We validated our performance using competitions hosted on Codeforces, a popular platform which hosts regular competitions that attract tens of thousands of participants from around the world who come to test their coding skills. We selected for evaluation 10 recent contests, each newer than our training data. AlphaCode placed at about the level of the median competitor, marking the first time an AI code generation system has reached a competitive level of performance in programming competitions.

[edit] Is "10 recent contests" a large enough sample size to prove whatever point is being made?

YeGoblynQueenne · on Feb 2, 2022

The test against human contestants doesn't tell us anything because we have no objective measure of the ability of those human coders (they're just the median in some unknown distribution of skill).

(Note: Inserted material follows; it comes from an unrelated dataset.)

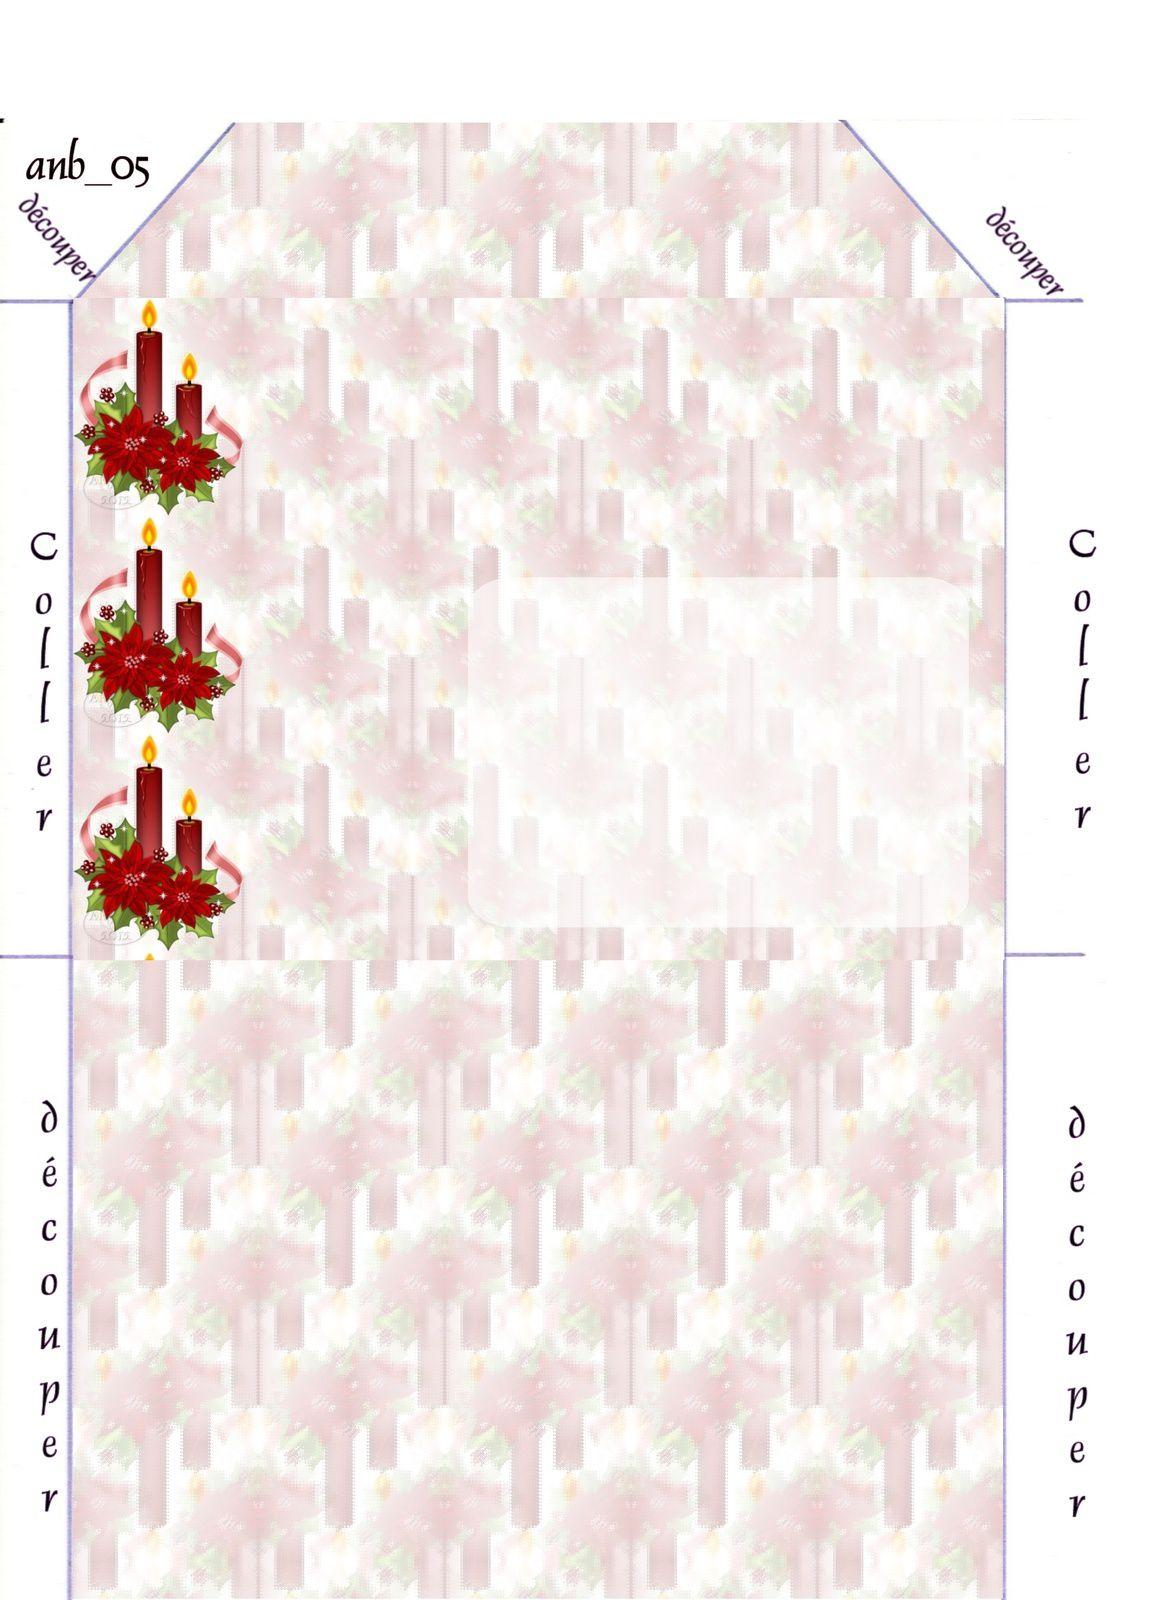 Thème Bougies animées perso Incredimail &amp&#x3B; Papier A4 h l &amp&#x3B; outlook gif &amp&#x3B; enveloppe &amp&#x3B; 2 cartes A5 &amp&#x3B; signets 3 langues plus Noël multilangues  bougies_animes_perso_20121205_190130_00_johanne_incredimail

There's more objective measures of performance, like a good, old-fashioned, benchmark dataset. For such an evaluation, see table 10 in the arxiv preprint (page 21 of the pdf), listing the results against the APPS dataset of programming tasks. The best performing variant of AlphaCode solves 25% of the simplest ("introductory") APPS tasks and less than 10% of the intermediary ("interview") and more advanced ones ("competition").

So it's not very good.

Note also that the article above doesn't report the results on APPS. Because they're not that good.

solididiot · on Feb 2, 2022

Does it need to solve original problems? Most of the code we write is dealing with the same problems in a slightly different context each time.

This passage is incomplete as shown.